DeepSpeech - end-to-end speech recognition tool working with English and Mandarin
all authors of the landmark paper titled "Attention is all you need" that introduced transformer-based neural networks left Google and formed their startups
autonomous cars - GAIA-1 9B-parameter Gen AI model by Wayve that leverages video, text, and action input to generate realistic driving scenarios and offers fine-grained control over ego-vehicle behavior and scene features. It shows impressive generalization abilities. Good simulator useful for training and validating autonomous car models
autonomous rides are finally commercial in San Francisco - Waymo and Cruise launched 24/7 autonomous driving services - pay rides without human monitoring
ca. 50% of the S&P 500 gains were driven by The Magnificent Seven: Apple, Microsoft, NVIDIA, Alphabet, Meta, Tesla and Amazon
the podium based on the number of AI unicorns is as follows: USA, China, UK
USA companies absorb over 70% of global private funding
the most invested fields globally are: software, healthcare, and fintech
24% of all VC investments went to AI companies --> massive acceleration of AI funding
NVIDIA forms strategic relationships with many AGI organizations: private and public AI-first companies (Recursion, Synthesia, Cohere, Adept), cloud providers (arming them with GPUs --> Lambda, CoreWeave, CrusoeCloud), and new industry verticals (BioNeMo, Picasso, Omniverse)
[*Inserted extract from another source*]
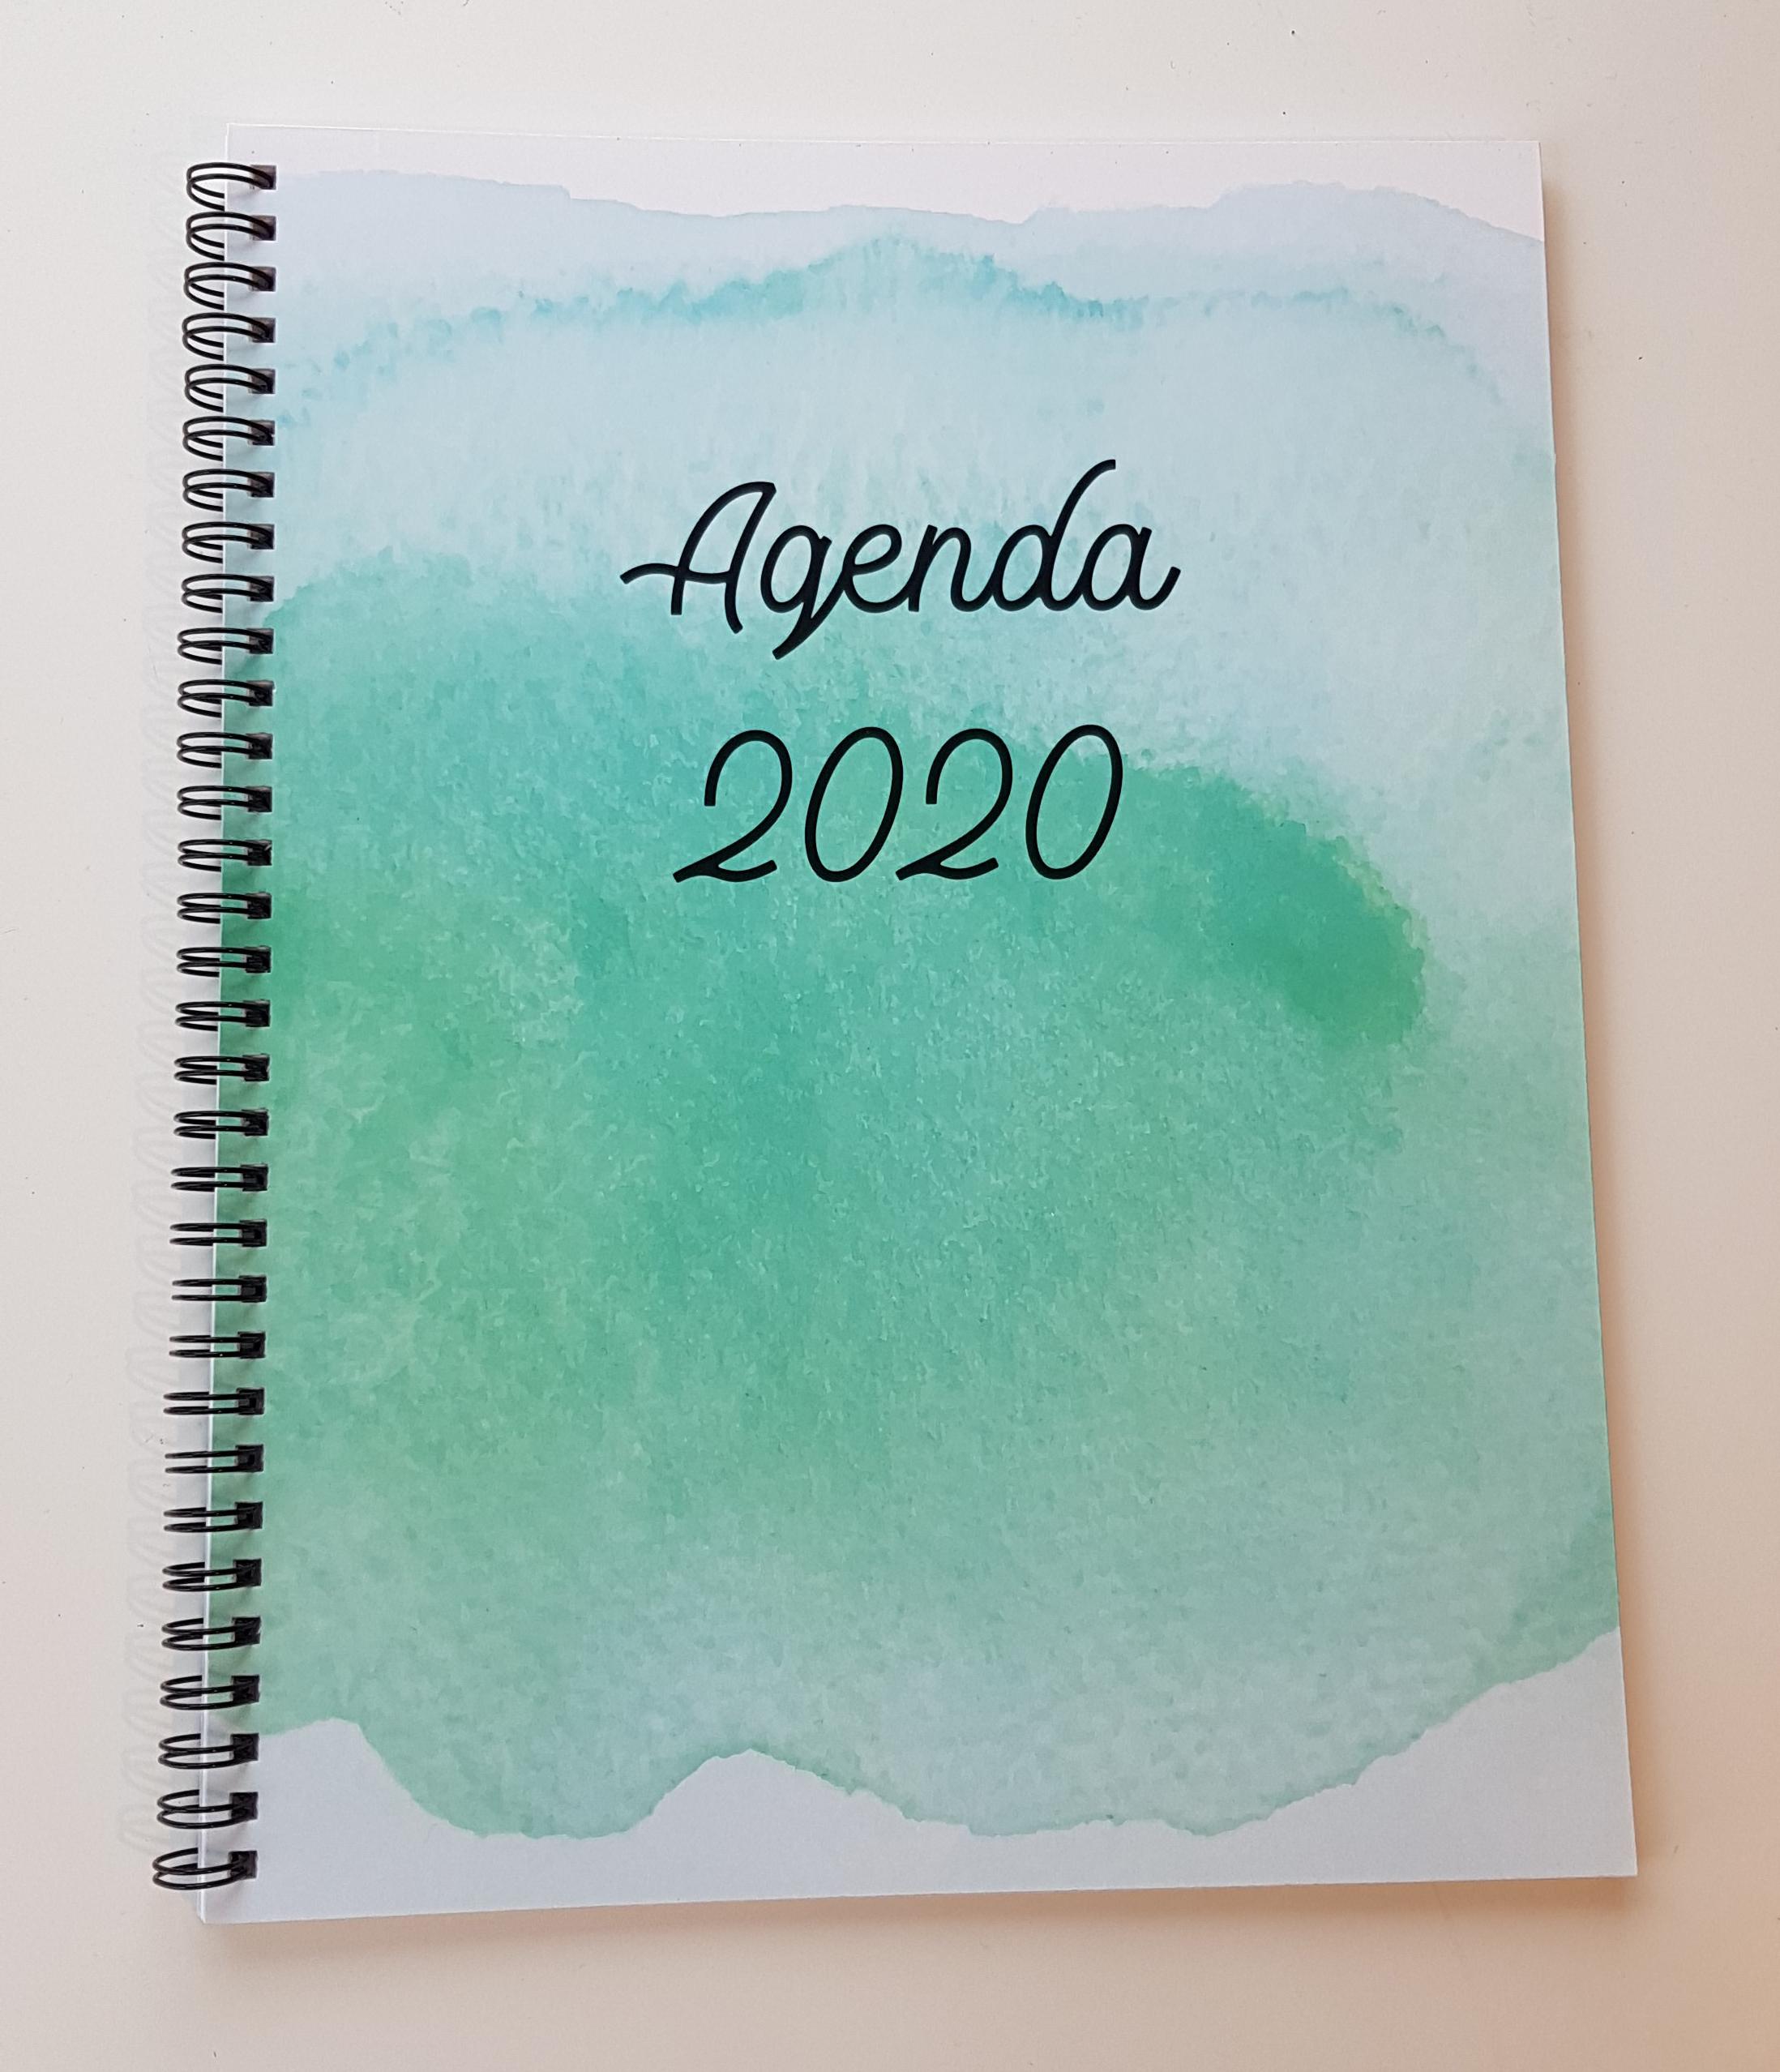 création montage et impression agenda 2020

GenAI companies raised 33% larger Seed-s (initial) and 130% larger A-s (first wave) than all startups in 2023
Politics
regulations of AI, economics, and geopolitics
different regions of the world form their own rules regarding AI based on existing laws and regulations, by introducing AI-specific legislative frameworks, by banning specific services (e.g. ChatGPT)
global governance is quite slow - some have mentioned using organizations like the International Atomic Energy Agency, the Intergovernmental Panel on Climate Change, and CERN as examples to guide the creation of global rules. But right now, these ideas are only talked about in academic papers and haven't been actually used in the real world
a push to shape norms - Anthropic, Google, OpenAI, and Microsoft have collaboratively initiated the Frontier Model Forum, with the primary objective of advocating for the responsible development of advanced AI models and facilitating the exchange of knowledge with policymakers regarding licensing regimes, independent audits of the models, enforcing safety standards in the labs
chip wars: two camps - USA with allies and China (patchy market) - USA set up a very strict policy regarding export of chips to China to not only slow down Chinese technological development but to degrade Chinese capabilities; very precise UV lithographic machines are also quite restricted for export. As a response, China introduced a licensing regime on the export of gallium and germanium, which are earth metals used to make top-of-the-range semiconductors, components of solar panels, and electric vehicles. Such rivalry brings risk to both parties
governments are expanding their computational capabilities, but they are not keeping pace with the initiatives undertaken by the private sector
military - AI for defense technology is experiencing a surge in funding in the United States, with huge investments in American defense/military startups reaching $2.4B in 2022, far surpassing the European total by over 100 times. While this significant funding is available, only a limited number of companies secure long-term collaborations. Furthermore, many European investors remain uninterested in modern defense tech. Efforts are being made by a coalition of US venture capitalists and tech firms to reform outdated technology selection and requirement development methods. These dynamics highlight the disparity in funding and strategic approaches between the US and Europe in the field of defense technology
war in Ukraine - Ukraine is a testing ground for AI warfare. They use high-tech drones with fancy satellites and smart systems to stay aware of what's going on on the war side. In a project known as Zvook, they can detect the sound of incoming Russian missiles. They train a computer program to identify the unique sound of these missiles using video footage, and they've deployed numerous specialized listening devices throughout the country to assist in this process. Additionally, the Ukrainian Armed Forces approved the use of the "Delta" system. It's like a high-tech information hub that collects data in real-time from different sensors, satellites, drones, and even from people on the ground which is later used for making strategic decisions. This system is spread out in different places and doesn't rely on mobile networks or traditional cables; instead, they use Starlink - the world's most advanced broadband satellite internet
AI forecasts impact elections - AI is changing the way election campaigns can be manipulated by using computer-generated images and videos to influence people. This can be more effective than traditional false information. Efforts are being made to inform people about these activities. Google has announced that any AI-generated content related to elections must have a disclaimer
paper exposing bias in "political views" of ChatGPT was published in Public Choice journal which stated that “strong and systematic political bias ... which is clearly inclined to the left”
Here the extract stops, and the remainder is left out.